Professor Diwakar Vaish, the owner of AgVa company claimed that the ventilators of the company are much better and cheaper than other companies. He told a news agency ANI that, “LNJP Hospital in Delhi did not reject our ventilator. We are in talks at Mumbai’s JJ Hospital and St George’s Hospital. These hospitals had third parties install our ventilators which could not be installed properly and doctors could not use them.”

Diwakar added, “Our ventilator is unique. It is 5 to 10 times cheaper than other ventilators. Normal ventilators cost around Rs 10-20 lakh but our ventilator is Rs 1.5 lakh. It is wrong to accuse us in such a situation.” He challenged Rahul Gandhi asking him to get their ventilators checked by any doctor.
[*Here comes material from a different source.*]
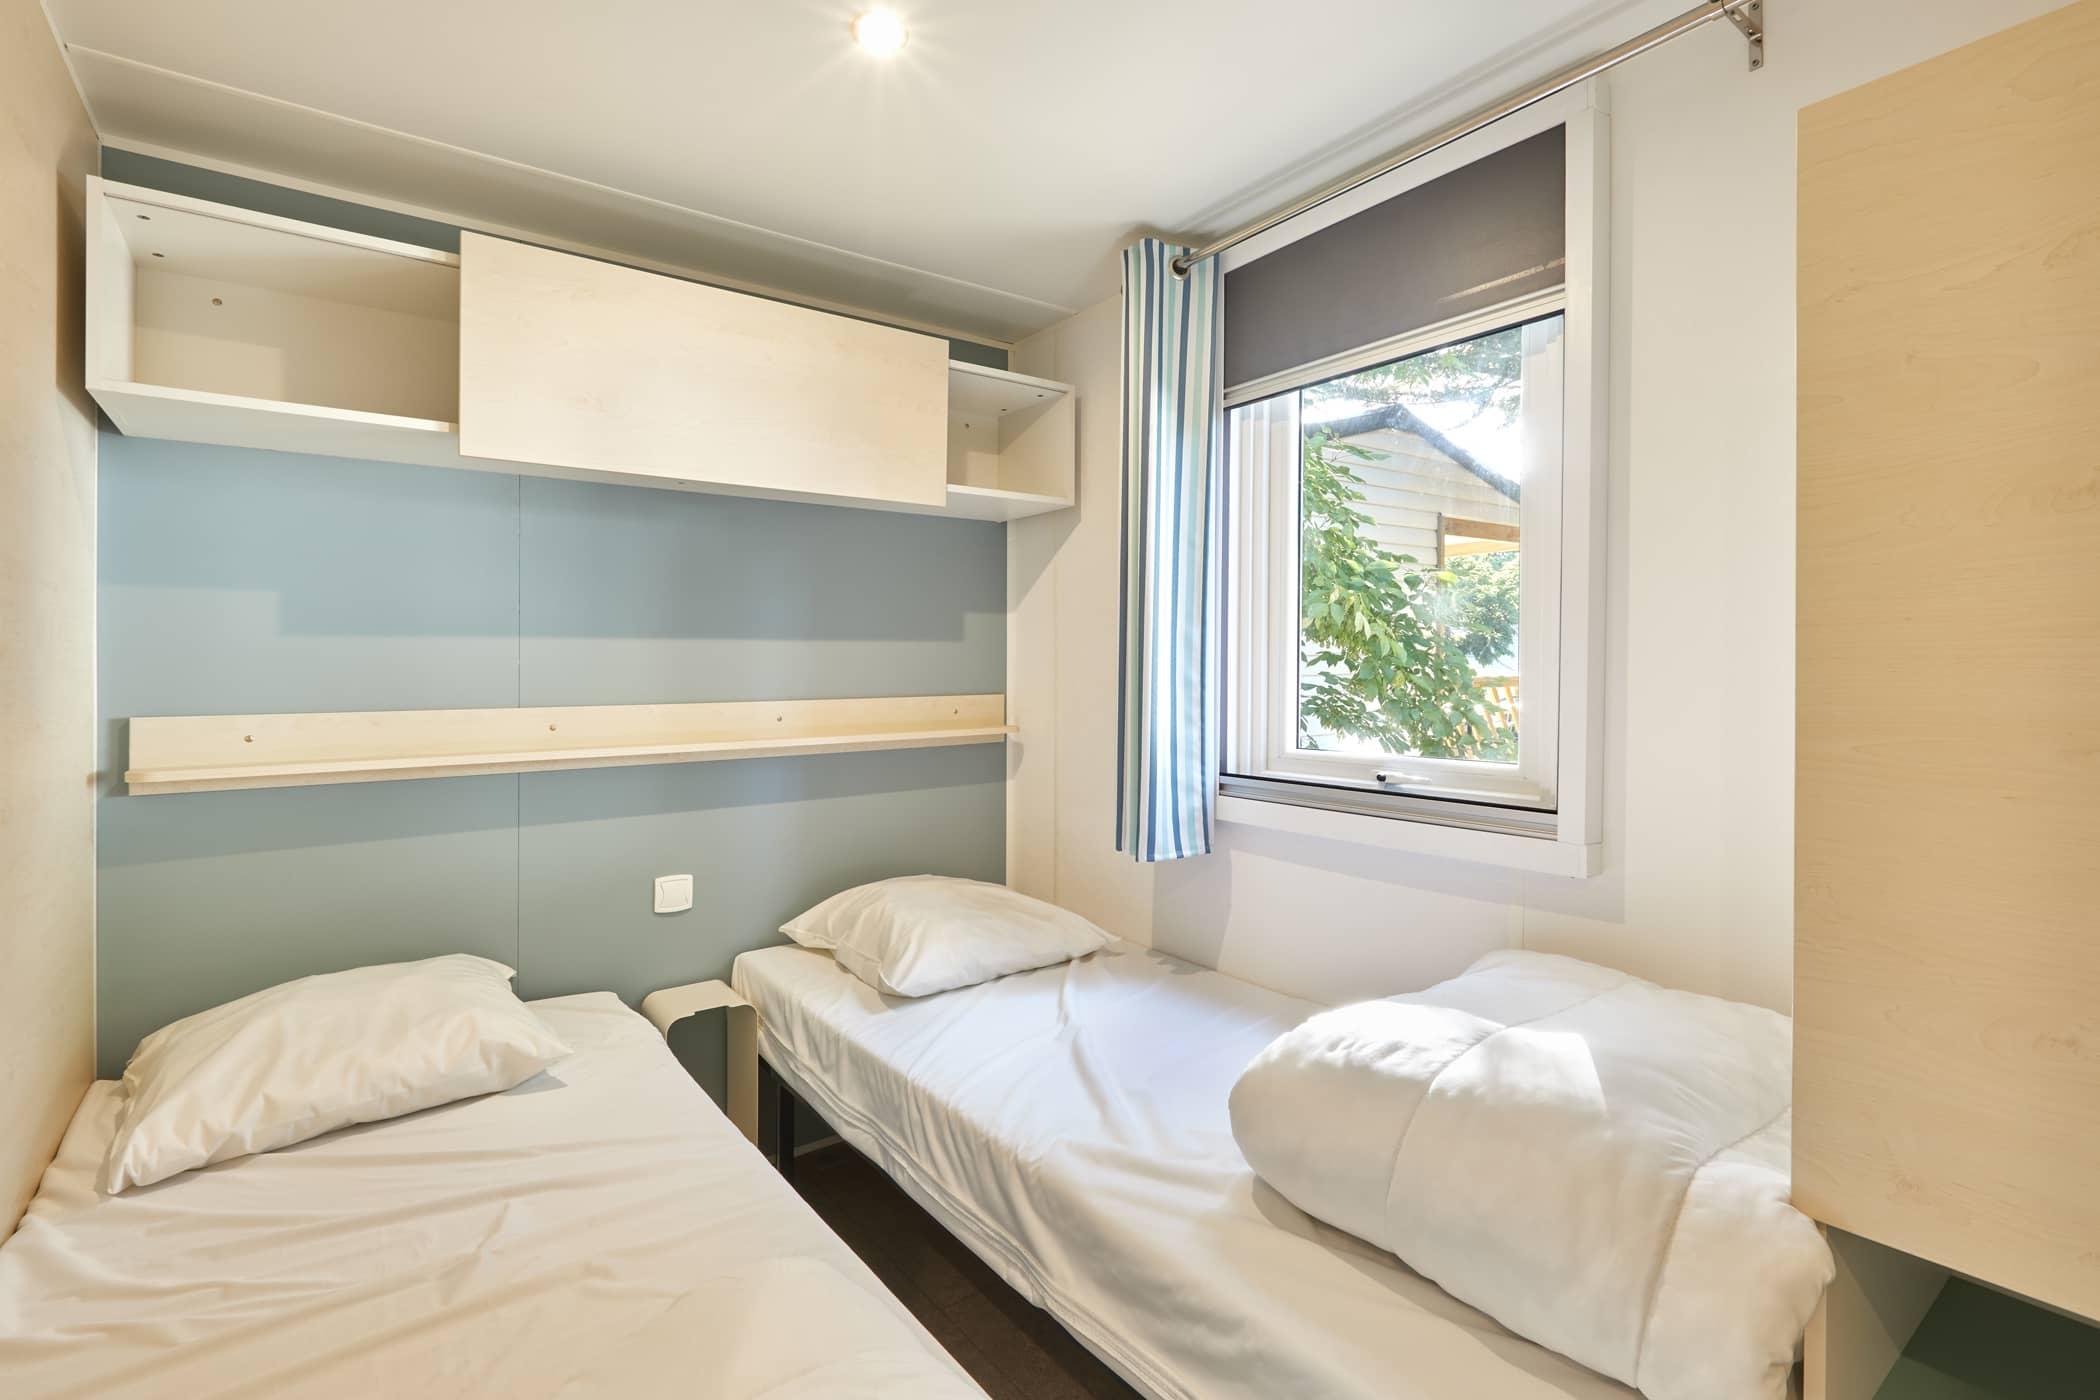 chambre lits jumeaux camping bord de mer

He said that the air contains 21 per cent oxygen and the coronavirus positive patient often needs 100 per cent oxygen. “Our ventilator can give any value between 21 per cent and 100 per cent. We have an oxygen sensor inside the ventilator whose power decreases slowly and in such a situation, it has to be calibrated. Every doctor knows this thing.”

Gandhi had questioned the quality of these ventilators, saying that many reputed hospitals, doctors and experts in the country have said that the AgVa company has supplied useless and second-rate ventilators, which disturbs the oxygen supply. The Congress leader also said that the lives of the people of the country are being put at risk due to the opacity of PM CARES.

Vaish told ANI, “We have not made the ventilator overnight. We have been in the market for three years. We have developed this step by step. This ventilator has all parameters that a normal ventilator has…In this, international vendor nexus is very strong. Just like when Indian military equipment was indigenised, there was a lot of negative reviews. The same thing is happening here.”

The central government ordered 10,000 of the firm`s COVID-model ventilators to AgVa Healthcare as part of India`s response to the pandemic. “We got support from the Make in India and Invest India. We admit that we are a small company. We used to make 50-100 ventilators every month. But after coronavirus pandemic, we improved our production and now produce between 5,000 to 10,000 ventilators every month… We got support from Maruti, Invest India, BHEL and BEL to move forward,” Vaish told ANI.

The co-founder of the company explained that at a time when there was a shortage of life-saving equipment around the world, it was an Indian firm which came to the rescue and helped in saving lives.